What is Your Actual Age?
The Science of Longevity
Published June 2022
If you're 45 years old, that means that you've completed 45 rotations around the sun. But, how old are you really?
Humanity has been interested in slowing the aging process and finding the "fountain of youth" since the dawn of time, but conversations about longevity are especially relevant as life expectancy in the U.S. has decreased by more than a year since 2020.
"Thanks to science, the mysteries of aging are now being revealed," says Douglas E. Vaughan, MD, chair of Medicine and the Irving S. Cutter Professor of Medicine at Northwestern University Feinberg School of Medicine, and co-director of Potocsnak Longevity Institute at Northwestern Medicine with Northwestern Medicine Infectious Disease Physician Frank J. Palella, MD. "The biology that drives the aging process is being demystified right in front of our eyes to the point that it's conceivable to think about slowing the pace of aging, turning the clock back and altering the course of someone's lifespan."
Thanks to science, the mysteries of aging are now being revealed.— Douglas E. Vaughan, MD
Biological Versus Chronological Age
Chronological age is how long you have existed. Biological age is how old your cells are.
Sometimes these two numbers are the same for people, but everyone ages at different rates.
Your healthspan is the period of life where you are free of any aging-related disease. Dr. Vaughan and the Potocsnak Longevity Institute are aiming to increase the human healthspan by slowing down the aging process to push back the onset of aging-related diseases.

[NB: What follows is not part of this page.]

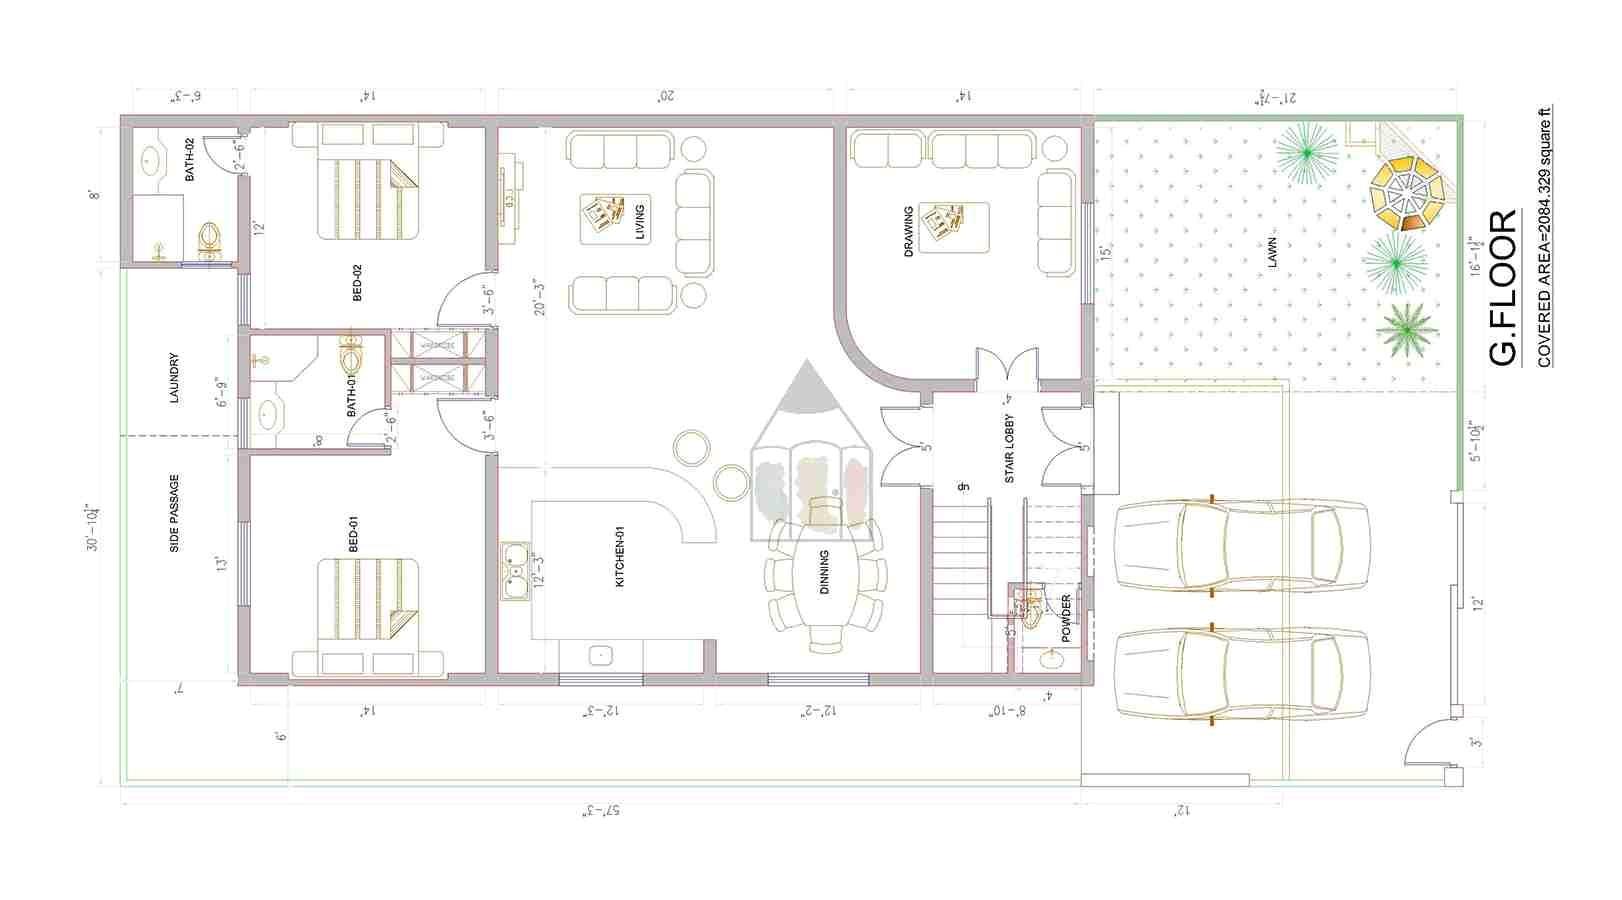 14 marla house plan layout

For many diseases, the most important risk factor is biological age, meaning that if your cells are older, they are more susceptible to a variety of diseases, such as:
- Lung disease
- Chronic bronchitis
- Pulmonary fibrosis
- Diabetes and other metabolic disorders
- Cardiovascular disease
- Dementia and Alzheimer's disease
"For most people, if you live long enough, you're going to get an aging-related disease like high blood pressure," says Dr. Vaughan. "There's a quantifiable alteration and deterioration in function as you age."
Aging on a Cellular Level
You can see some signs of aging with the naked eye — gray hair, wrinkles, limited mobility — but aging really happens on a cellular level.
As your cells age, they eventually enter a phase called senescence, when they lose their ability to regenerate and repair themselves. Environmental factors like stress, or genetic factors like family history can trigger senescence in your cells.
"In the last 20 years, we have unraveled the biology of senescence to the point where we are able to see a fingerprint of the molecular markers of biological age," says Dr. Vaughan.
Chromosomes are structures that carry your DNA, which is the blueprint for your cells. Telomeres are groups of molecules called nucleotides on the ends of your chromosomes that act like bumpers, protecting your chromosomes from deterioration.
Every time your cells divide for normal repair and regeneration (which is all the time), your telomeres get shorter, which means they get shorter as you age. Research suggests that if you have shorter telomeres, you are more likely to die early or develop a disease like a neurodegenerative disorder.
In fact, there are people with short telomere syndromes (STS) who have genetic mutations that result in rapid aging due to short telomere lengths.
Humans have an estimated 30,000 genes, which carry the instructions for making proteins that make up your body and carry out all of its functions. Genes can be turned on or off like light switches. When your cells replicate and repair, a process called DNA methylation can occur. DNA methylation doesn't alter or mutate your genes, but instead changes how you express your genes.
In short, DNA methylation can turn your genes on or off.
Examining DNA methylation is part of epigenetics, the study of how your genes are expressed based on your lifestyle and environment. This is important, because you don't age in a vacuum. A variety of external factors contributes to how you age, including lifestyle, stress and even access to health care.
DNA methylation can also be a very precise predictor of your biological age.
"Someone who has diabetes will have a very different DNA methylation pattern than someone who doesn't. Someone who smokes cigarettes will have a different DNA methylation pattern than someone who doesn't," says Dr. Vaughan. "DNA methylation can be reversed by lifestyle changes. You can alter your fate with diet and exercise, for example."
Your actual age
Scientists may be able to measure your biological age in the not-so-distant future.
"We are not far away from having very precise measures that allow us to determine someone's biological age," says Dr. Vaughan. "We're optimistic that we'll soon be able to tinker with the biology of aging so that people can live longer healthspans."